The secret to managing a cyber crisis

Just as things started to cool off around the WannaCry attack and businesses started to operate normally again, IT professionals were thrown back into disarray with the NotPetya malware attack.

NotPetya was responsible for knocking companies like Maersk, AP Moller-Maersm, Reckitt Benckiser, Fed Ex, and WPP into critical damage control mode. For the organisations that were lucky enough to avoid falling victim to these attacks, it is a moment to quickly breathe a sigh of relief and ask yourself, “Are you as prepared as you can be for the next WannaCry or NotPetya attack that will inevitably take place in the near future?”

Be prepared

Having an up-to-date security program, a detailed process to manage any vulnerabilities, and a completed incidence response plan, are all necessary and acceptable ways to build up confidence in a cyber security plan.
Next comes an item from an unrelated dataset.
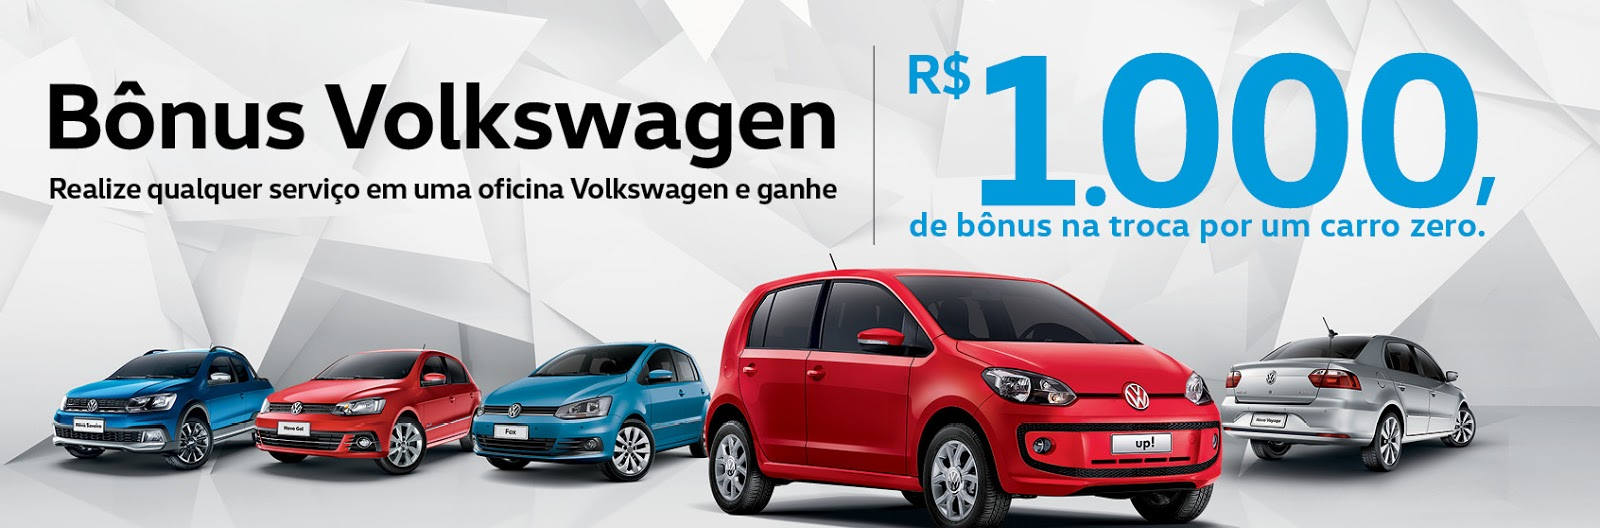 Aproveite! Revisão na Volkswagen gera R$ 1.000,00 de bônus na troca por um carro zero
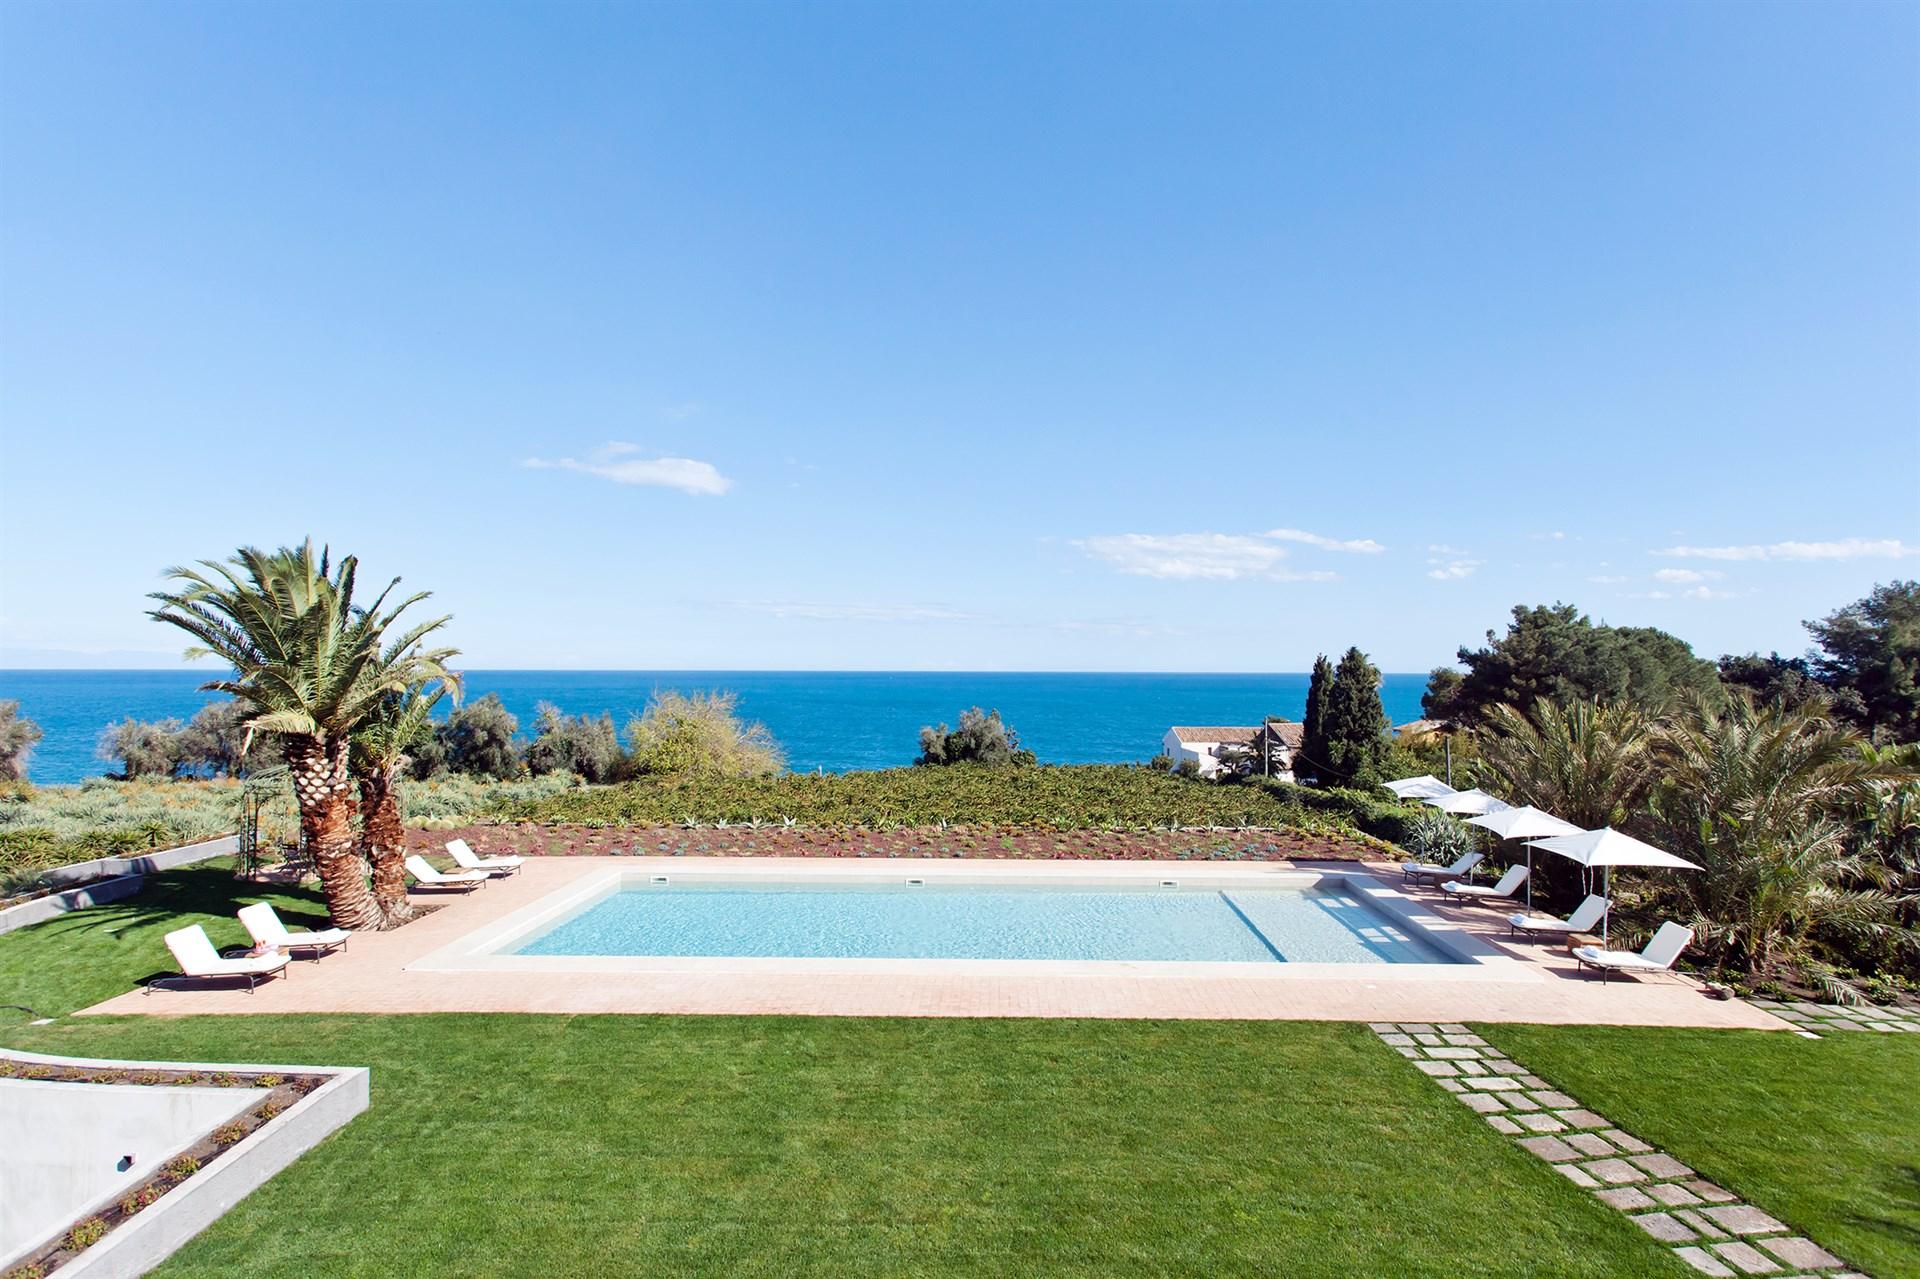 La piscina di Villa Don Venerando, un luogo magico ai piedi dell'Etna

Perhaps even the CEO and board of directors have been briefed on the current major ransomware risks that are flooding the market.

It is important to remember, being prepared is one thing, but how an IT professional actually handles themselves while in the middle of a cybersecurity crisis is completely different. It is safe to assume that cyber security professionals cannot be fully prepared for an attack, unless they have already dealt with managing emotions in the middle of a serious crisis.

By working on boosting cross-functional communication prior to being under the pressure of a breach, IT teams can be that much closer to keeping their cool while everything around them seems to be going up in flames.

Handling a high level breach like NotPetya, can be very chaotic and seem like a blur to even the best cyber security professional. Even the best prepared incident response plans can run off track when emotions come in to play, causing people to deviate from the initial plan.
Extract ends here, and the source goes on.